To characterise Priscilla's turbulent life in occupied France, Shakespeare quotes André Gide's comment that during the Occupation he had felt "like a cork floating on the filthiest water". To the extent that Shakespeare sketches any explanation of Priscilla's personality, it lies perhaps in his careful reconstruction of her dysfunctional childhood. Her indescribably selfish father and mother make the parents in Henry James's What Maisie Knew seem like model parents. Her father, S.P.B. Mais, was first a schoolteacher, who became a prolific writer and then a BBC broadcaster as famous in his day as J.B. Priestly.
His frivolous and empty-headed wife soon left him for a series of drunken cads but he would not grant her a divorce because the scandal would have tarnished his career. He set up with a younger woman barely older than his daughter Priscilla who found herself buffeted between these various households and who may have suffered an attempted rape by one of her mother's lovers. Her marriage to the vicomte, kindly but ineffectual, seems partly to have been a search for an anchor in her life.

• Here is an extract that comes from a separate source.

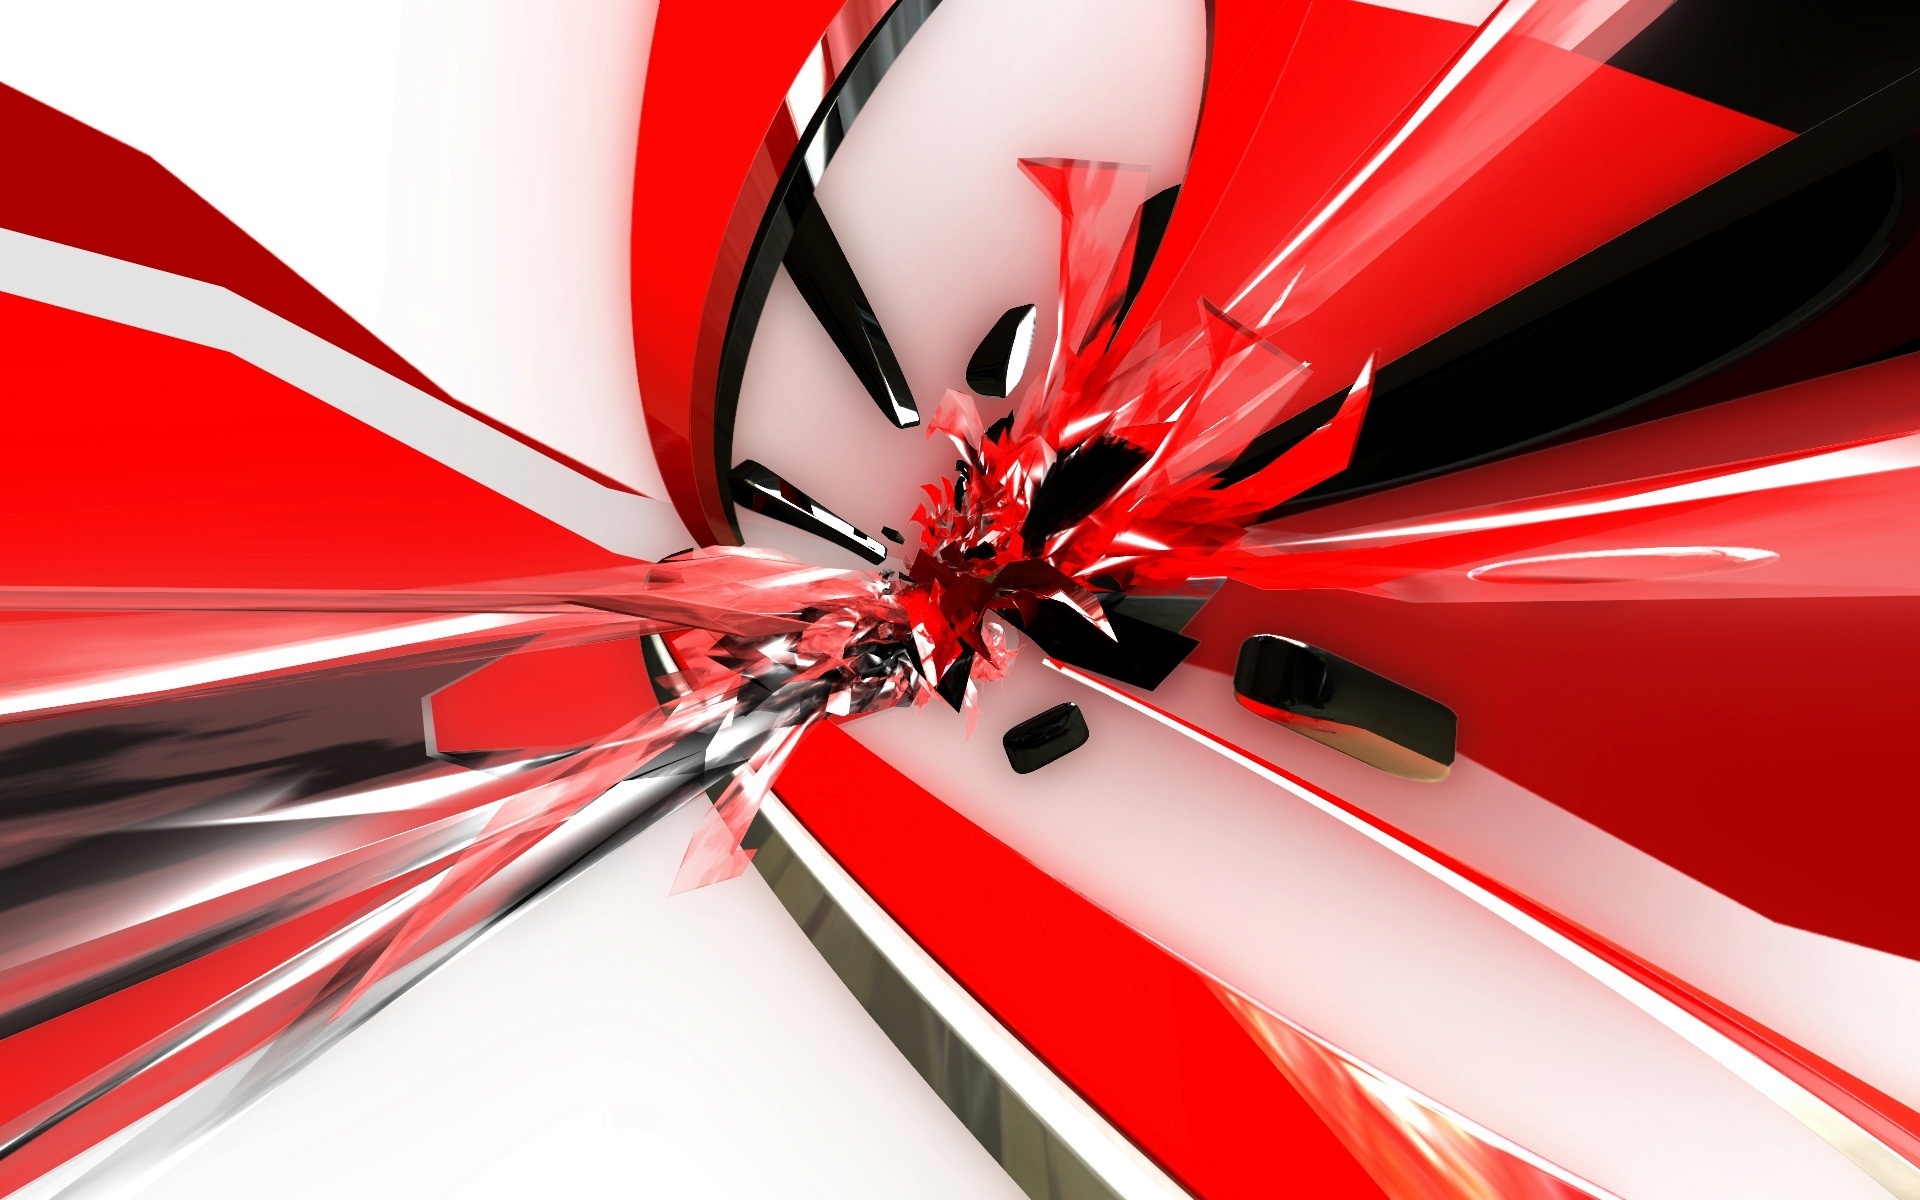 Cool Abstract Wallpaper Designs Red Cool Abstract

Piecing together this strange story has involved Shakespeare in considerable detective work. Ever since the classic The Quest for Corvo by A.J.A. Symons where the biographer becomes himself a protagonist in the search to uncover hidden lives — this device was used more recently in The Hare with Amber Eyes by Edmund de Waal — one of the pleasures of reading this kind of book is following the author on a journey which can involve false trails but also sudden breakthroughs. Shakespeare starts with a trunk of letters, papers, photographs and scrapbooks that, unknown to anyone, Priscilla had kept hidden under the television set in her bedroom all the years that she lived with her second, English husband.